Dataset -
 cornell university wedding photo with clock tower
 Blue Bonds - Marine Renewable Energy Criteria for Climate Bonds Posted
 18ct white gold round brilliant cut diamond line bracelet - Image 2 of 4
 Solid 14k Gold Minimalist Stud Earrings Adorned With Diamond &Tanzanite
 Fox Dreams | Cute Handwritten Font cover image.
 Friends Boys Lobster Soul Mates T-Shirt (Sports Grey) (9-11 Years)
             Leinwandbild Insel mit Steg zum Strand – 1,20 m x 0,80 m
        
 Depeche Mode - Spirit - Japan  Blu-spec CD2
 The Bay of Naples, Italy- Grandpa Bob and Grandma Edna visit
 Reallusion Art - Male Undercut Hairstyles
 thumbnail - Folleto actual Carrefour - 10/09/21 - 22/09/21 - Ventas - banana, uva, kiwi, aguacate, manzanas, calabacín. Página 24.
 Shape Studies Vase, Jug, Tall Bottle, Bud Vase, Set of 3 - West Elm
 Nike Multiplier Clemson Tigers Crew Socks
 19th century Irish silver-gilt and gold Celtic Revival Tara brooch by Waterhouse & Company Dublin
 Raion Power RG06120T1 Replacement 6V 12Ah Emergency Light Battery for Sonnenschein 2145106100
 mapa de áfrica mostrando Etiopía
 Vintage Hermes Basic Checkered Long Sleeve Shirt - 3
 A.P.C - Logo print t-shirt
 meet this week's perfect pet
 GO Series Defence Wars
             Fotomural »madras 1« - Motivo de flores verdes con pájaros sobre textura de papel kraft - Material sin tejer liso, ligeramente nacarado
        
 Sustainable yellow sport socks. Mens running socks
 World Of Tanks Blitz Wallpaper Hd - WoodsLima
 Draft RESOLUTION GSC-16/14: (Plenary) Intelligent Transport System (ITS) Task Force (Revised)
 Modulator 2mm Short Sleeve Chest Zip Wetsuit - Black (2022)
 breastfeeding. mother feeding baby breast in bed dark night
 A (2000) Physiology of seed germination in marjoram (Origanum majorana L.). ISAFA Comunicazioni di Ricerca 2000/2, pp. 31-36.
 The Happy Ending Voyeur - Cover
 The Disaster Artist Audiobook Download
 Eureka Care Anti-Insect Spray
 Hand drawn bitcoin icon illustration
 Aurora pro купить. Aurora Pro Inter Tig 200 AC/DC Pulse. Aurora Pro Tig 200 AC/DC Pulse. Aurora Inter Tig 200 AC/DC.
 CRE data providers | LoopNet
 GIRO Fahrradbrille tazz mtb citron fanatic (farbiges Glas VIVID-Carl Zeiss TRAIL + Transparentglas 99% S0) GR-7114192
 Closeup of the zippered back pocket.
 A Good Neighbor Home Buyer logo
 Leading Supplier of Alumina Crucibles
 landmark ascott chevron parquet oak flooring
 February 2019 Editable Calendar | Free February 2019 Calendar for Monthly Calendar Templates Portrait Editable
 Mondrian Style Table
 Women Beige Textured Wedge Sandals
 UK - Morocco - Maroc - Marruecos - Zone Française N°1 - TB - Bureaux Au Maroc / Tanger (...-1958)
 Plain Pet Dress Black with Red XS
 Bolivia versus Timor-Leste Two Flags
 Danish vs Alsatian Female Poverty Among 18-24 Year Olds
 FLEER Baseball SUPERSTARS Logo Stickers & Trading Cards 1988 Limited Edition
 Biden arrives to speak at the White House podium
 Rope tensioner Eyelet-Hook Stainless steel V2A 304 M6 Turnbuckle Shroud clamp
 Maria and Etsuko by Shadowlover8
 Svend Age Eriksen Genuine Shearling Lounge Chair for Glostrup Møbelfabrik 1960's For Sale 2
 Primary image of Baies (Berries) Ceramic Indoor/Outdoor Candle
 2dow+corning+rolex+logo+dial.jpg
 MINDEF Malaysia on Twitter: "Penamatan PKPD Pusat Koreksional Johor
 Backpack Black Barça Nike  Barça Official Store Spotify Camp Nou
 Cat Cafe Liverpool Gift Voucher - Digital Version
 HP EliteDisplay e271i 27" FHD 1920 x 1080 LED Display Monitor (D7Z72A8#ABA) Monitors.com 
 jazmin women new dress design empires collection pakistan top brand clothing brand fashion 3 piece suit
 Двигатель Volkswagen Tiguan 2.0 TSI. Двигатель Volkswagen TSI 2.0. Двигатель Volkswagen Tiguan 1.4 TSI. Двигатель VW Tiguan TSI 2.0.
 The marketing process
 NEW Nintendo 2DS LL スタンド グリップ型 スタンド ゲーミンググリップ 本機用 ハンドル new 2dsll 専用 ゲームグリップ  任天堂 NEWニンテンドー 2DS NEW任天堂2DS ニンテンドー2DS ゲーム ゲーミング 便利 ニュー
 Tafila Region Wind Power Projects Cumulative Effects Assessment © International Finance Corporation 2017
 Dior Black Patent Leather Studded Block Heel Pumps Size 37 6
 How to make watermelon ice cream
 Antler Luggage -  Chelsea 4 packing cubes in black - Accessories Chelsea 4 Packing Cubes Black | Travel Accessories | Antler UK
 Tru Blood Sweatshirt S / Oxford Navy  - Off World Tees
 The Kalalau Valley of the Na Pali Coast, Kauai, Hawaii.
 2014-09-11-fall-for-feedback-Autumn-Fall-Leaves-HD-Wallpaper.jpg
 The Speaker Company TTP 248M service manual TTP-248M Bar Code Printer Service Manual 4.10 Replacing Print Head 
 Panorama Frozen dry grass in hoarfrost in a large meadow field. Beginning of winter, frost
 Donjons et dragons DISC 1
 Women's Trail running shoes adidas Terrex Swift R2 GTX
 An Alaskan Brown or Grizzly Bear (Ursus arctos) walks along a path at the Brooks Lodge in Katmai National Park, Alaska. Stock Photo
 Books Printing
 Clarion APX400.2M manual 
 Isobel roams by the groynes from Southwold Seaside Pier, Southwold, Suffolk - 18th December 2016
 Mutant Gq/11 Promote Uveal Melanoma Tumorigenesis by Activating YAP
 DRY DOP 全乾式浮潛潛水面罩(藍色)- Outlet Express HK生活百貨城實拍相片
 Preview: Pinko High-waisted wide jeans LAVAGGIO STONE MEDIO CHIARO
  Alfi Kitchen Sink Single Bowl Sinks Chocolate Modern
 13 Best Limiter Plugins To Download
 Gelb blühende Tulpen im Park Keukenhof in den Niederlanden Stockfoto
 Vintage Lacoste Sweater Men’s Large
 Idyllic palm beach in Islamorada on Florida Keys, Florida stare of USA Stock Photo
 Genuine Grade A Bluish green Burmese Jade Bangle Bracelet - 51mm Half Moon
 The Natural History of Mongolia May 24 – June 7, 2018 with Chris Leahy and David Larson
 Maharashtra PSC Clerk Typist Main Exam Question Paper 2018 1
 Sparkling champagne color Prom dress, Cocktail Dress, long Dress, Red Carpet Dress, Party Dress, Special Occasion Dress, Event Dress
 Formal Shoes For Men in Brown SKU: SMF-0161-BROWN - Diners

What is required - Please set down all the data word for word.

Exercise response -
 cornell university wedding photo with clock tower
 Blue Bonds - Marine Renewable Energy Criteria for Climate Bonds Posted
 18ct white gold round brilliant cut diamond line bracelet - Image 2 of 4
 Solid 14k Gold Minimalist Stud Earrings Adorned With Diamond &Tanzanite
 Fox Dreams | Cute Handwritten Font cover image.
 Friends Boys Lobster Soul Mates T-Shirt (Sports Grey) (9-11 Years)
             Leinwandbild Insel mit Steg zum Strand – 1,20 m x 0,80 m
        
 Depeche Mode - Spirit - Japan  Blu-spec CD2
 The Bay of Naples, Italy- Grandpa Bob and Grandma Edna visit
 Reallusion Art - Male Undercut Hairstyles
 thumbnail - Folleto actual Carrefour - 10/09/21 - 22/09/21 - Ventas - banana, uva, kiwi, aguacate, manzanas, calabacín. Página 24.
 Shape Studies Vase, Jug, Tall Bottle, Bud Vase, Set of 3 - West Elm
 Nike Multiplier Clemson Tigers Crew Socks
 19th century Irish silver-gilt and gold Celtic Revival Tara brooch by Waterhouse & Company Dublin
 Raion Power RG06120T1 Replacement 6V 12Ah Emergency Light Battery for Sonnenschein 2145106100
 mapa de áfrica mostrando Etiopía
 Vintage Hermes Basic Checkered Long Sleeve Shirt - 3
 A.P.C - Logo print t-shirt
 meet this week's perfect pet
 GO Series Defence Wars
             Fotomural »madras 1« - Motivo de flores verdes con pájaros sobre textura de papel kraft - Material sin tejer liso, ligeramente nacarado
        
 Sustainable yellow sport socks. Mens running socks
 World Of Tanks Blitz Wallpaper Hd - WoodsLima
 Draft RESOLUTION GSC-16/14: (Plenary) Intelligent Transport System (ITS) Task Force (Revised)
 Modulator 2mm Short Sleeve Chest Zip Wetsuit - Black (2022)
 breastfeeding. mother feeding baby breast in bed dark night
 A (2000) Physiology of seed germination in marjoram (Origanum majorana L.). ISAFA Comunicazioni di Ricerca 2000/2, pp. 31-36.
 The Happy Ending Voyeur - Cover
 The Disaster Artist Audiobook Download
 Eureka Care Anti-Insect Spray
 Hand drawn bitcoin icon illustration
 Aurora pro купить. Aurora Pro Inter Tig 200 AC/DC Pulse. Aurora Pro Tig 200 AC/DC Pulse. Aurora Inter Tig 200 AC/DC.
 CRE data providers | LoopNet
 GIRO Fahrradbrille tazz mtb citron fanatic (farbiges Glas VIVID-Carl Zeiss TRAIL + Transparentglas 99% S0) GR-7114192
 Closeup of the zippered back pocket.
 A Good Neighbor Home Buyer logo
 Leading Supplier of Alumina Crucibles
 landmark ascott chevron parquet oak flooring
 February 2019 Editable Calendar | Free February 2019 Calendar for Monthly Calendar Templates Portrait Editable
 Mondrian Style Table
 Women Beige Textured Wedge Sandals
 UK - Morocco - Maroc - Marruecos - Zone Française N°1 - TB - Bureaux Au Maroc / Tanger (...-1958)
 Plain Pet Dress Black with Red XS
 Bolivia versus Timor-Leste Two Flags
 Danish vs Alsatian Female Poverty Among 18-24 Year Olds
 FLEER Baseball SUPERSTARS Logo Stickers & Trading Cards 1988 Limited Edition
 Biden arrives to speak at the White House podium
 Rope tensioner Eyelet-Hook Stainless steel V2A 304 M6 Turnbuckle Shroud clamp
 Maria and Etsuko by Shadowlover8
 Svend Age Eriksen Genuine Shearling Lounge Chair for Glostrup Møbelfabrik 1960's For Sale 2
 Primary image of Baies (Berries) Ceramic Indoor/Outdoor Candle
 2dow+corning+rolex+logo+dial.jpg
 MINDEF Malaysia on Twitter: "Penamatan PKPD Pusat Koreksional Johor
 Backpack Black Barça Nike  Barça Official Store Spotify Camp Nou
 Cat Cafe Liverpool Gift Voucher - Digital Version
 HP EliteDisplay e271i 27" FHD 1920 x 1080 LED Display Monitor (D7Z72A8#ABA) Monitors.com 
 jazmin women new dress design empires collection pakistan top brand clothing brand fashion 3 piece suit
 Двигатель Volkswagen Tiguan 2.0 TSI. Двигатель Volkswagen TSI 2.0. Двигатель Volkswagen Tiguan 1.4 TSI. Двигатель VW Tiguan TSI 2.0.
 The marketing process
 NEW Nintendo 2DS LL スタンド グリップ型 スタンド ゲーミンググリップ 本機用 ハンドル new 2dsll 専用 ゲームグリップ  任天堂 NEWニンテンドー 2DS NEW任天堂2DS ニンテンドー2DS ゲーム ゲーミング 便利 ニュー
 Tafila Region Wind Power Projects Cumulative Effects Assessment © International Finance Corporation 2017
 Dior Black Patent Leather Studded Block Heel Pumps Size 37 6
 How to make watermelon ice cream
 Antler Luggage -  Chelsea 4 packing cubes in black - Accessories Chelsea 4 Packing Cubes Black | Travel Accessories | Antler UK
 Tru Blood Sweatshirt S / Oxford Navy  - Off World Tees
 The Kalalau Valley of the Na Pali Coast, Kauai, Hawaii.
 2014-09-11-fall-for-feedback-Autumn-Fall-Leaves-HD-Wallpaper.jpg
 The Speaker Company TTP 248M service manual TTP-248M Bar Code Printer Service Manual 4.10 Replacing Print Head 
 Panorama Frozen dry grass in hoarfrost in a large meadow field. Beginning of winter, frost
 Donjons et dragons DISC 1
 Women's Trail running shoes adidas Terrex Swift R2 GTX
 An Alaskan Brown or Grizzly Bear (Ursus arctos) walks along a path at the Brooks Lodge in Katmai National Park, Alaska. Stock Photo
 Books Printing
 Clarion APX400.2M manual 
 Isobel roams by the groynes from Southwold Seaside Pier, Southwold, Suffolk - 18th December 2016
 Mutant Gq/11 Promote Uveal Melanoma Tumorigenesis by Activating YAP
 DRY DOP 全乾式浮潛潛水面罩(藍色)- Outlet Express HK生活百貨城實拍相片
 Preview: Pinko High-waisted wide jeans LAVAGGIO STONE MEDIO CHIARO
  Alfi Kitchen Sink Single Bowl Sinks Chocolate Modern
 13 Best Limiter Plugins To Download
 Gelb blühende Tulpen im Park Keukenhof in den Niederlanden Stockfoto
 Vintage Lacoste Sweater Men’s Large
 Idyllic palm beach in Islamorada on Florida Keys, Florida stare of USA Stock Photo
 Genuine Grade A Bluish green Burmese Jade Bangle Bracelet - 51mm Half Moon
 The Natural History of Mongolia May 24 – June 7, 2018 with Chris Leahy and David Larson
 Maharashtra PSC Clerk Typist Main Exam Question Paper 2018 1
 Sparkling champagne color Prom dress, Cocktail Dress, long Dress, Red Carpet Dress, Party Dress, Special Occasion Dress, Event Dress
 Formal Shoes For Men in Brown SKU: SMF-0161-BROWN - Diners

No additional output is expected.